# School Temp Bldg with transformer



## amcdv (Sep 21, 2012)

hey guys...im purchasing a 2 room temporary shack type of building from a school that has closed down....the side of the building has the breaker box and a transformer attached to it....it looks like the power goes thru the transformer and then to the breaker box....im curious as to why the transformer...i was hoping to just connect the power pole to the breaker box...and flip on the light switch...any ideas....im sure ill have a electrician do the work....but for now im just looking for any unexpected surprises...such as having to re-wire the whole building type of thing...thanks in advance.... amcdv in texas


----------



## Marcus (May 13, 2012)

http://en.wikipedia.org/wiki/Three-phase_electric_power


----------



## webeable (Aug 29, 2012)

It is set up to handle POLE power. All you need to do is disconnect the power at breaker box then make sure everything is set for single phase 220.


----------



## Marcus (May 13, 2012)

webeable said:


> It is set up to handle POLE power.


That was the way I was leaning too, but I wasn't sure.
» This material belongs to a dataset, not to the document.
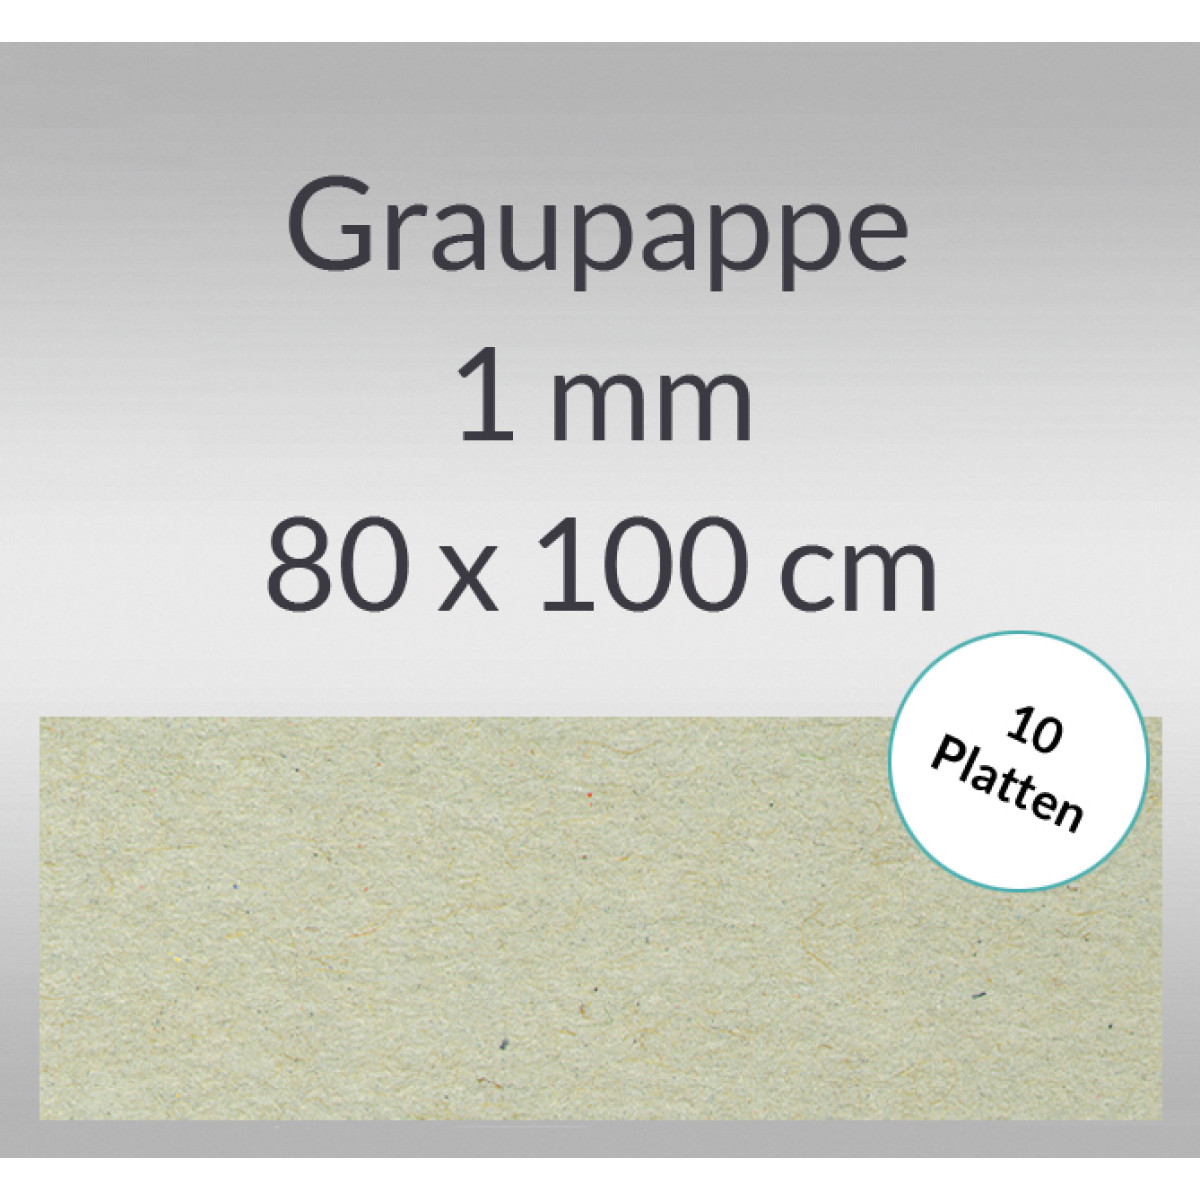 Graupappe 80 x 100 cm - 1 mm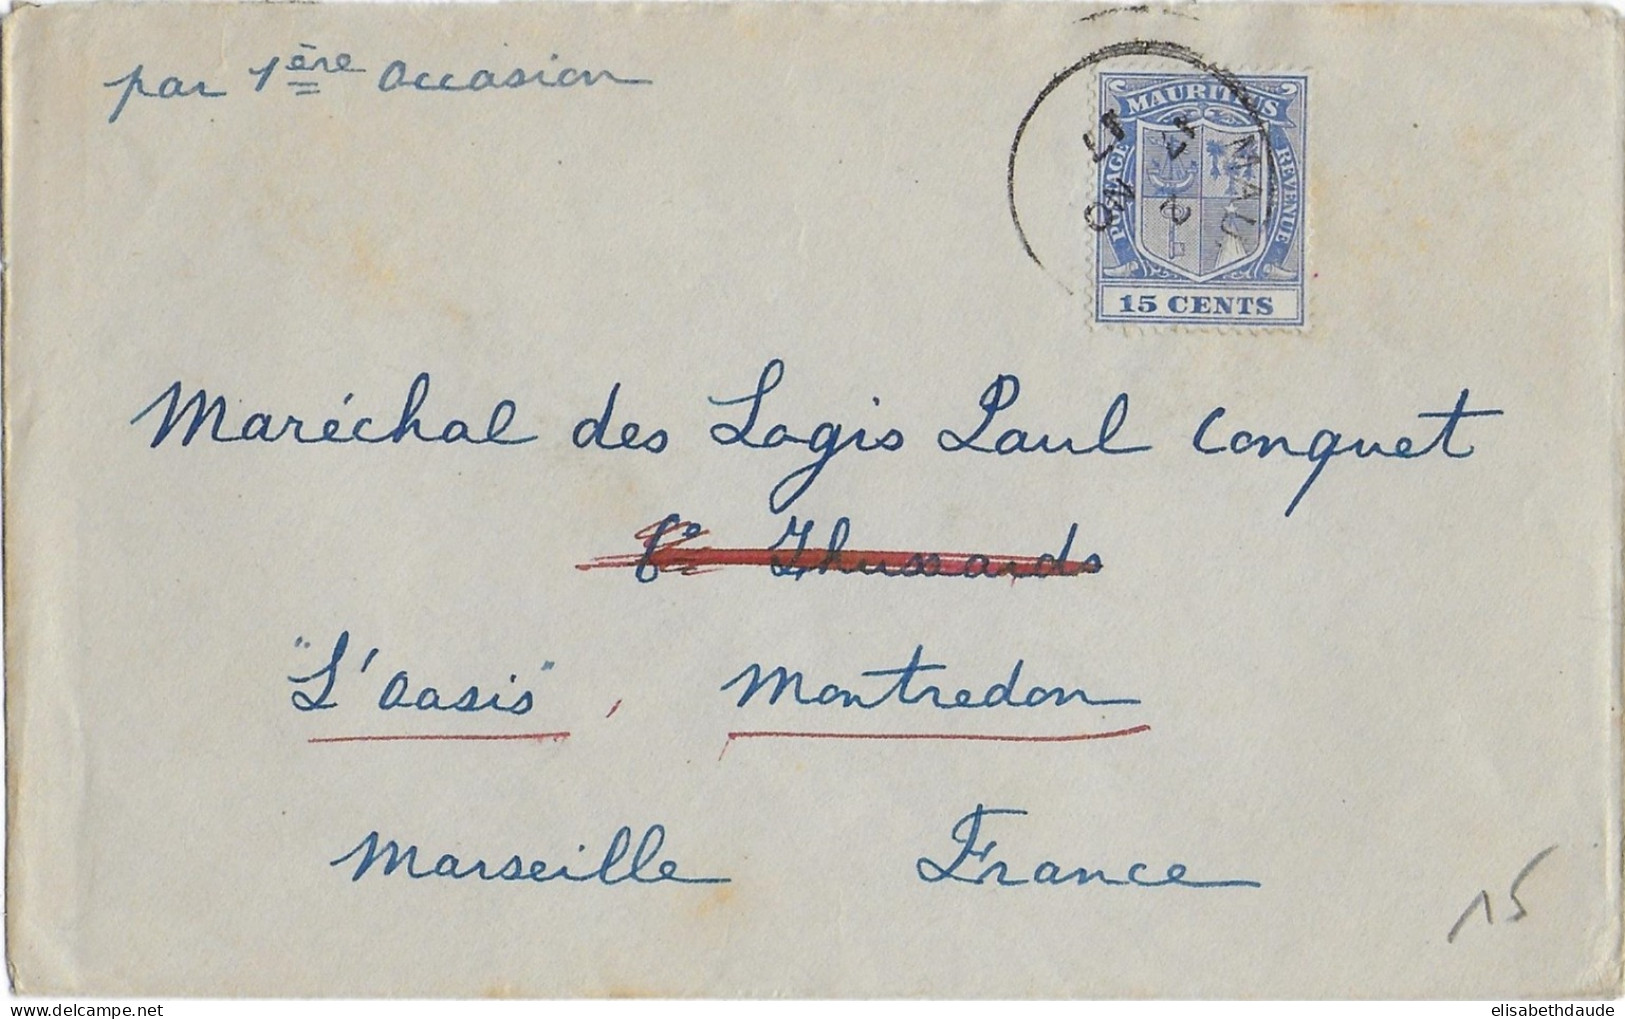 MAURITIUS - 1917 - 15 C SEUL Sur LETTRE  => MARSEILLE - Mauricio (...-1967)

It wouldn't hurt to google the transformer model number and make sure.


----------



## amcdv (Sep 21, 2012)

thanks guys...ill see if i can find a number on the tranformer box next time im there...amcdv


----------



## Kenny78 (Jul 12, 2011)

Like said, get the model number or snap a picture of the data plate on the transformer. Most if not all job/temp trailers I have hooked up were 120/240 1ph. Same as houses. It's likely that the service feeding the building was 480 or 240 with no neutral, hence the reason for the xformer.


----------



## willysman (Nov 3, 2010)

Are you sure it is a transformer and not a meter base? You can have a meter base with no meter mounted in it.


----------



## amcdv (Sep 21, 2012)

Kenny78 said:


> Like said, get the model number or snap a picture of the data plate on the transformer. Most if not all job/temp trailers I have hooked up were 120/240 1ph. Same as houses. It's likely that the service feeding the building was 480 or 240 with no neutral, hence the reason for the xformer.


i spoke with 1 of the school maintainence guys yesterday...he was explaining that the school district can buy electricity cheaper if they provide transformers on the temp buildings...i guess what kenny78 posted makes sense...the buildings have 16- 110v outlets and 8-220v outlets and flourscent lighting...he suggest just by-pass the transformer and hook up directly to the fuse box...and i should be good to go... amcdv


----------



## Kenny78 (Jul 12, 2011)

Just as FYI xformers are very expensive to buy new. Though it might be an odd duck, throw it on craigslist to recoup some money. Btw the weight of them is the steel core and the majority of windings are aluminum, so scrap price is very low. Good luck


----------



## Jimmy24 (Apr 20, 2011)

If you know what the imput voltage is/was and what the output voltage is/was, you can calculate the stepdown ratio. You could use it for other projects. Is it a dry cell transformer? 

Don't know the exact number, but I hung over a thousand pots in a 30 year career with the power company here. Been on ice storms and hurricanes in a lot of places and never saw what you are talking about. What is the KVA rating on it?

Very interesting.

Jimmy


----------



## Jimmy24 (Apr 20, 2011)

Oh, what are you calling "pole power"? I assume primary voltage correct?

Jimmy


----------



## LincTex (Apr 1, 2011)

Jimmy24 said:


> Oh, what are you calling "pole power"? I assume primary voltage correct?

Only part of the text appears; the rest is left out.